→ **What you should do**
Reproduce, exactly and in full, the lines from the one with "Woman est une" through the one with "Excellentes" in the data below; drop pictures.

→ **Excerpted records**
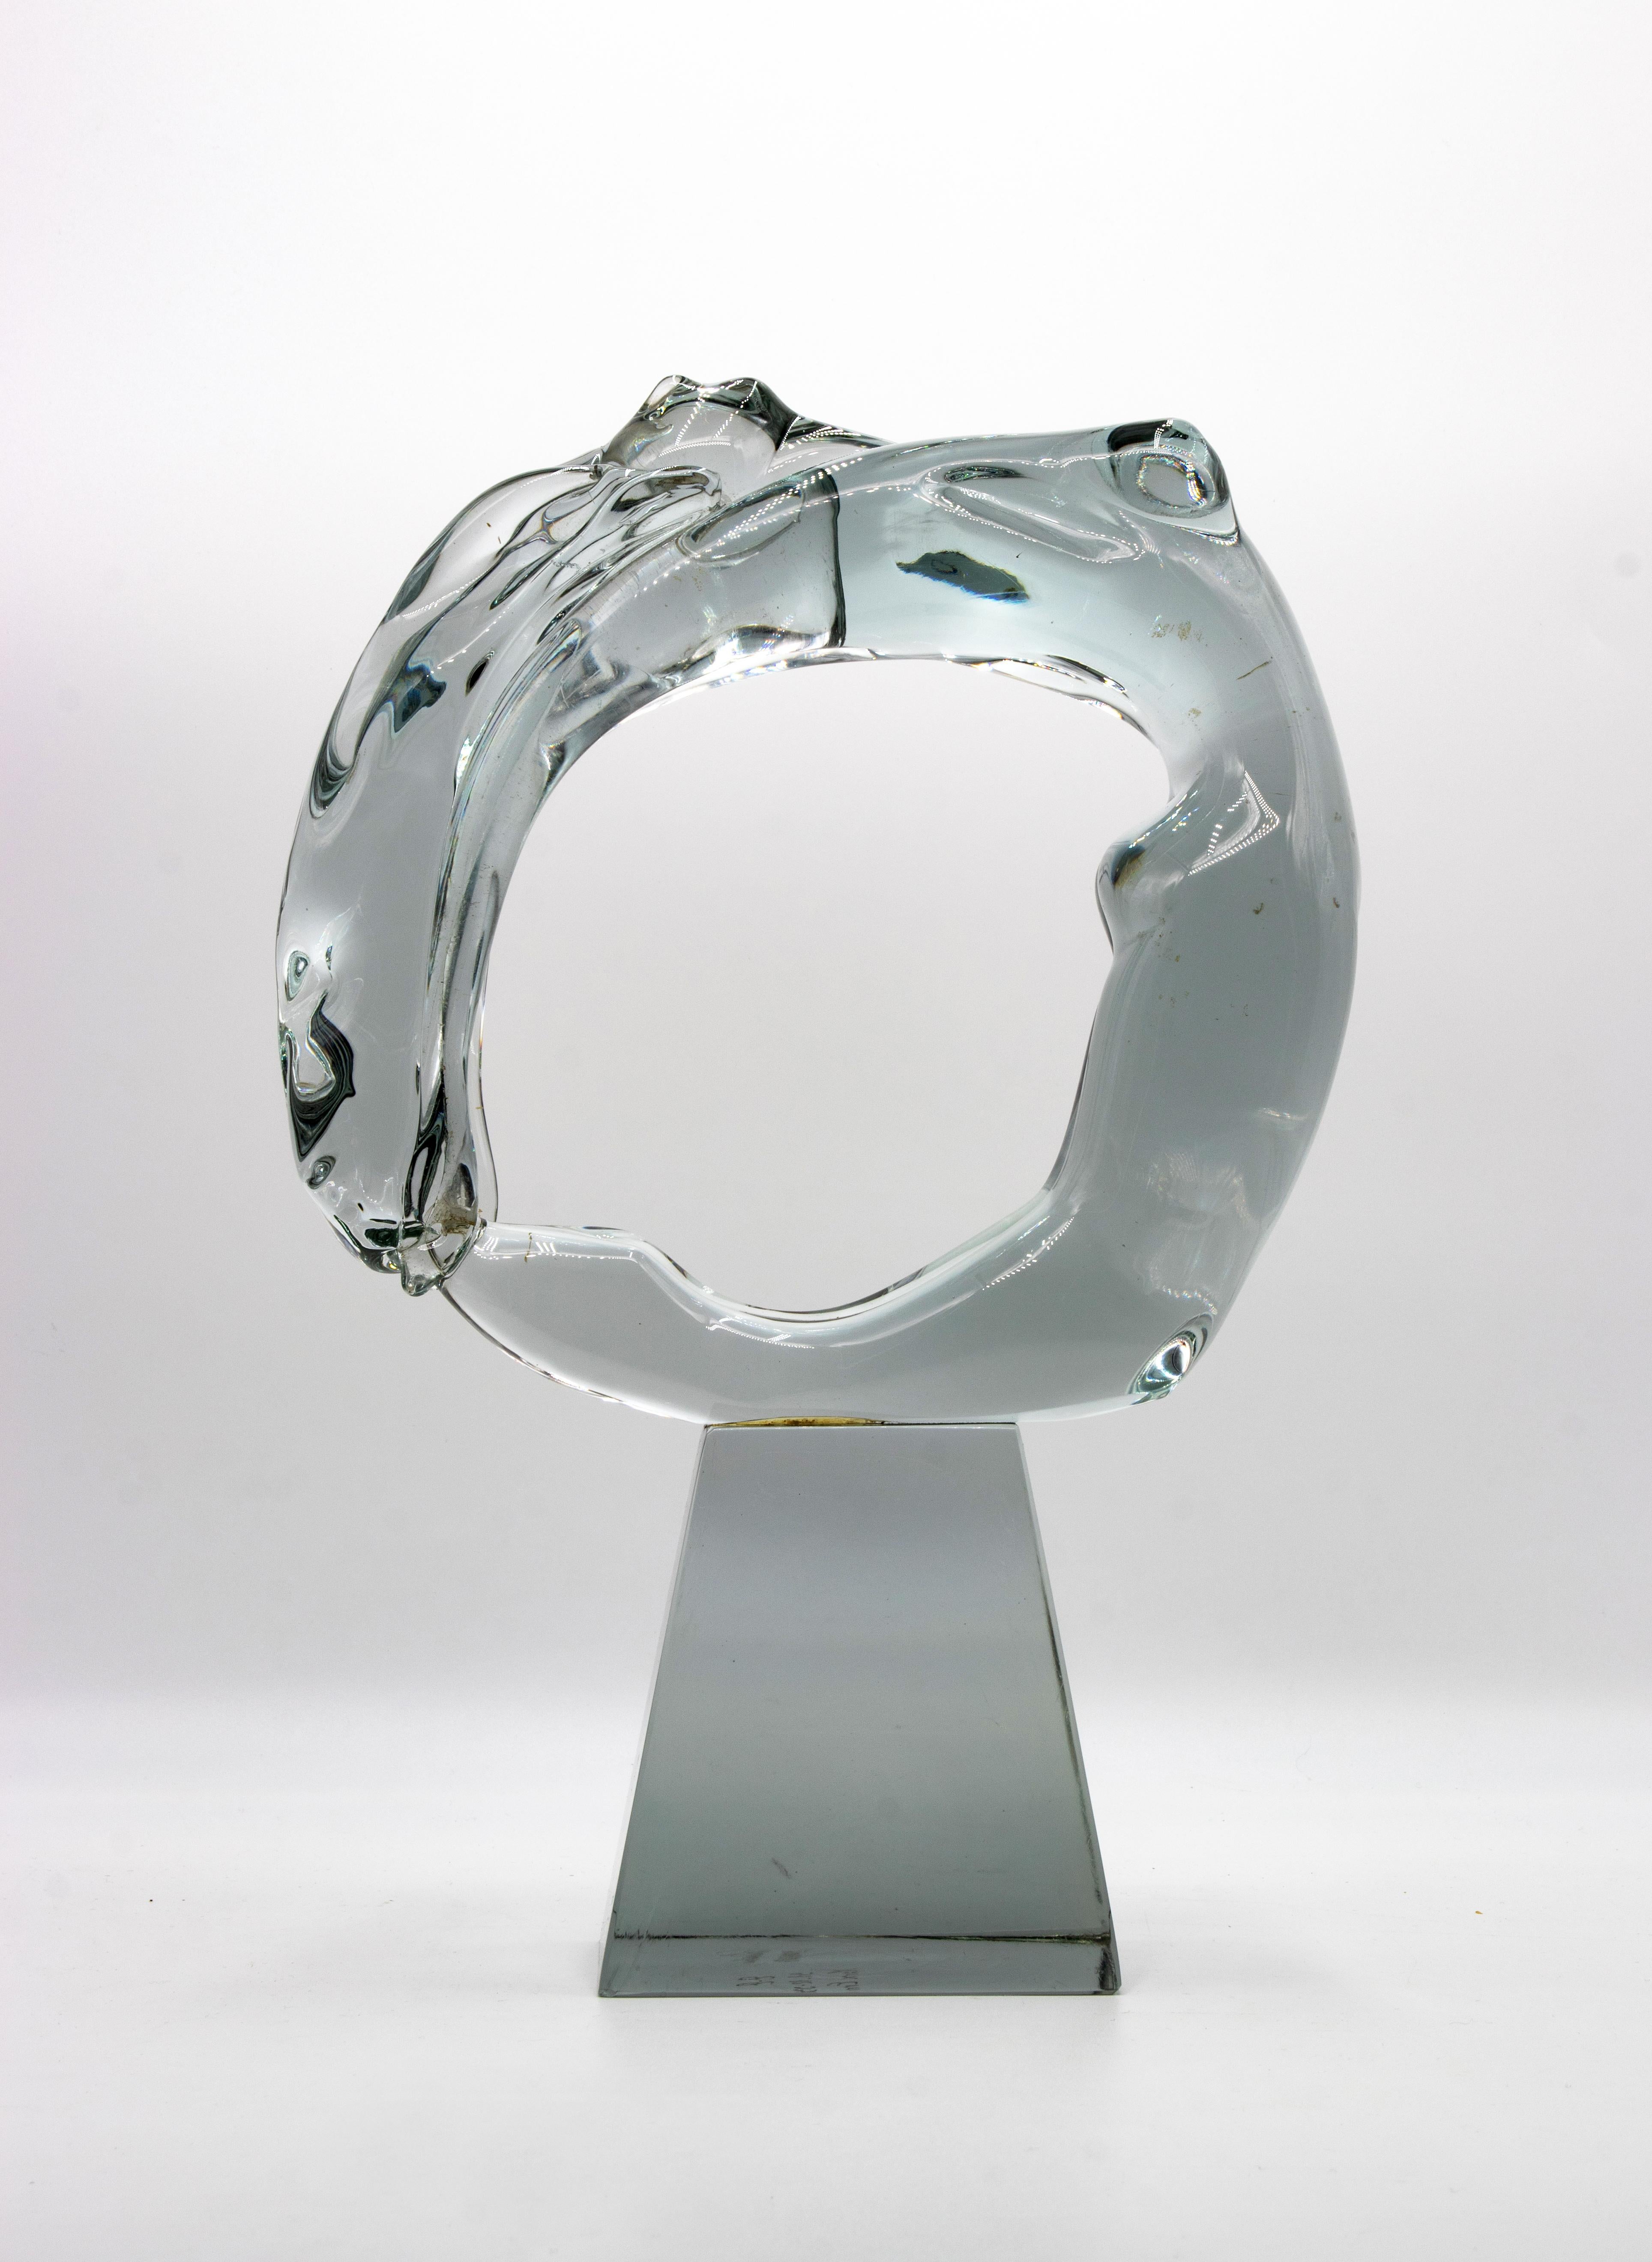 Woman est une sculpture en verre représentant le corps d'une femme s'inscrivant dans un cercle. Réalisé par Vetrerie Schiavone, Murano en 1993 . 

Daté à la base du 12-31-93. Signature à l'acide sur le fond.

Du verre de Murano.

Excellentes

==

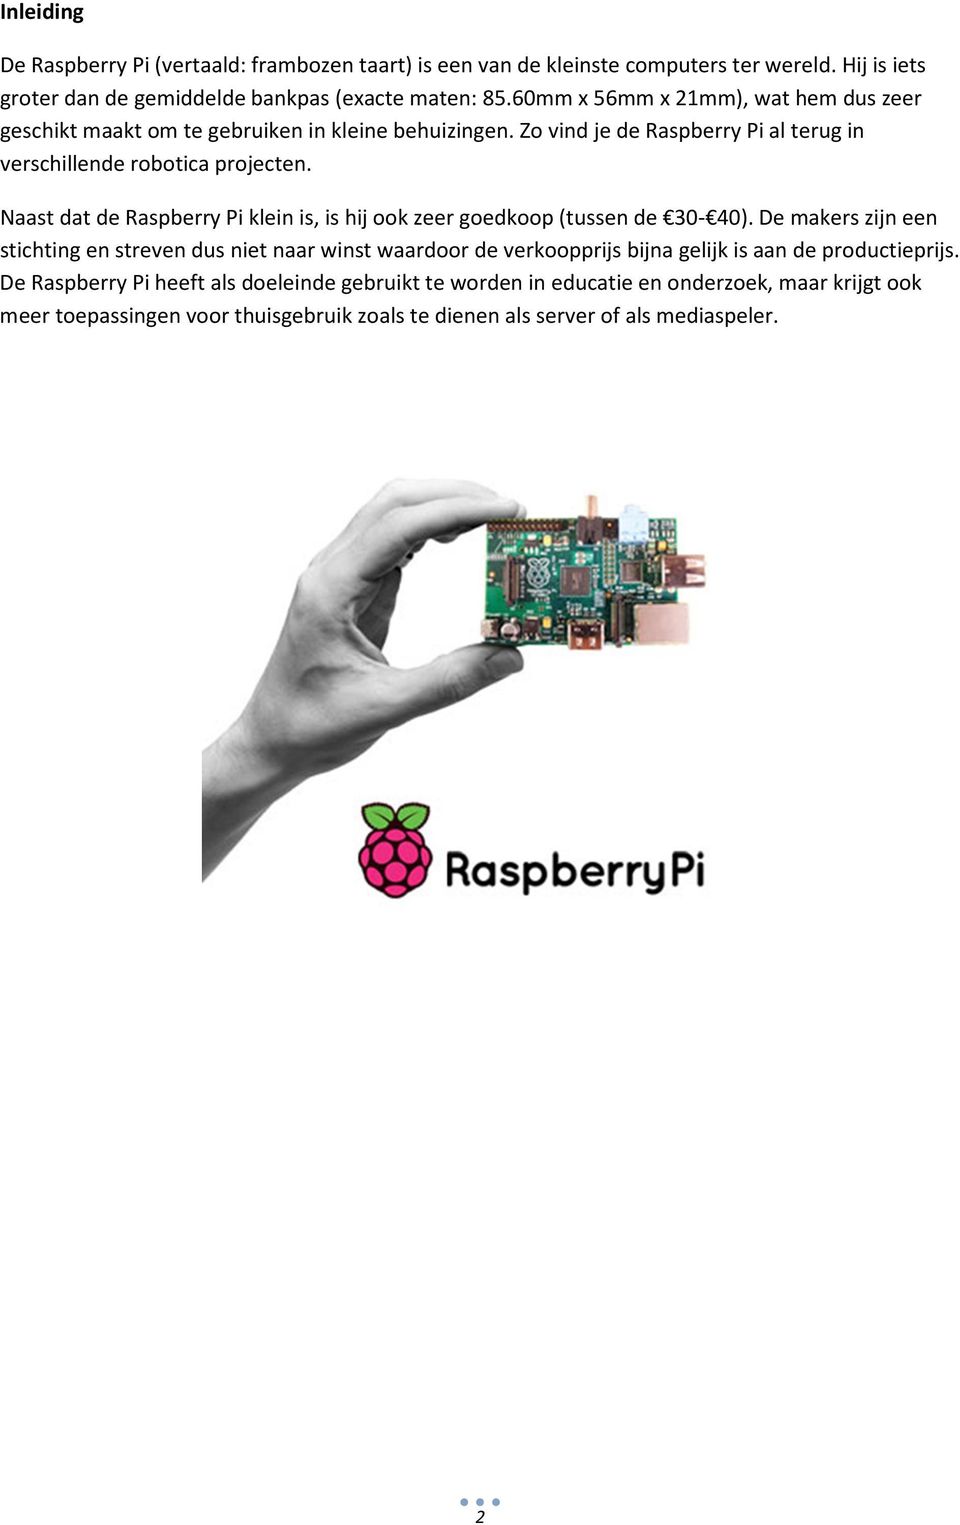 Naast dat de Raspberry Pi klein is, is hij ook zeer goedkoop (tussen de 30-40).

...

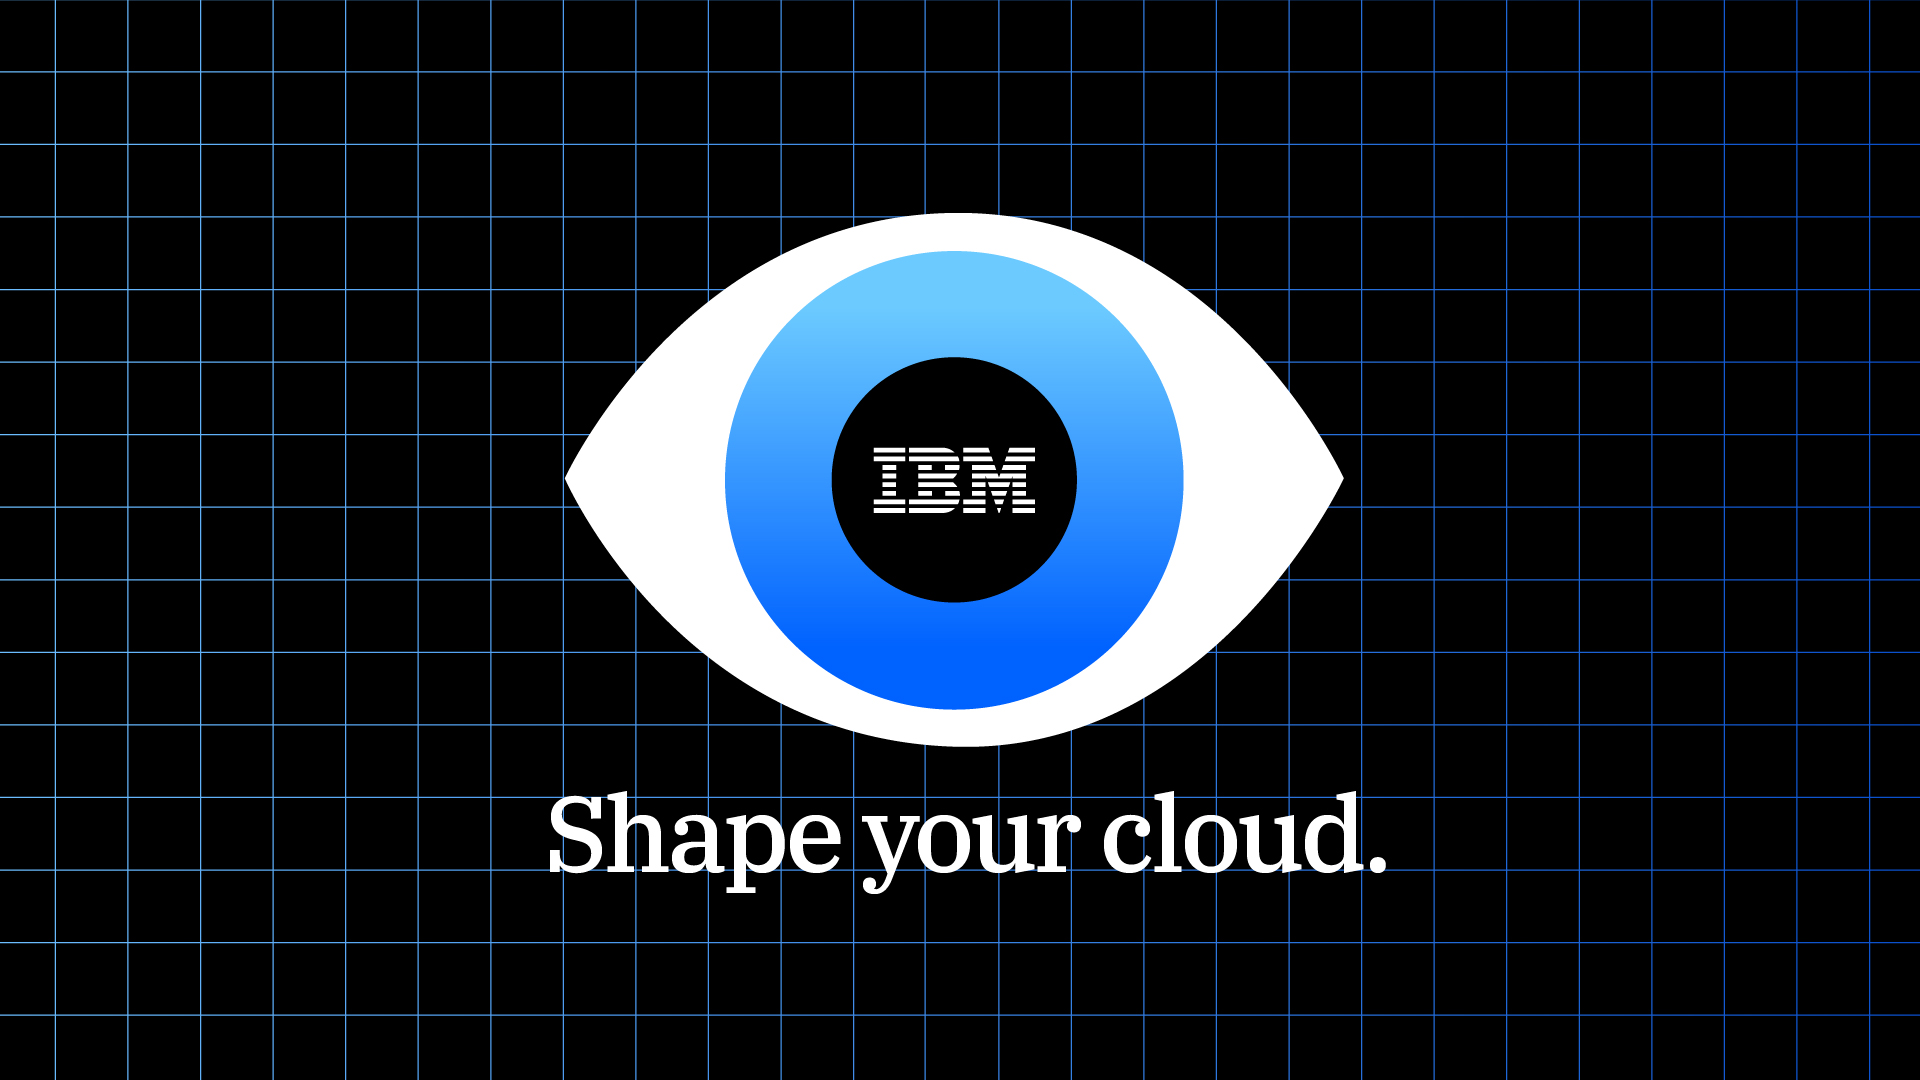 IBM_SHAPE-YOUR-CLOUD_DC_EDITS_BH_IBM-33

→ **Your response**
 Woman est une sculpture en verre représentant le corps d'une femme s'inscrivant dans un cercle. Réalisé par Vetrerie Schiavone, Murano en 1993 . 

Daté à la base du 12-31-93. Signature à l'acide sur le fond.

Du verre de Murano.

Excellentes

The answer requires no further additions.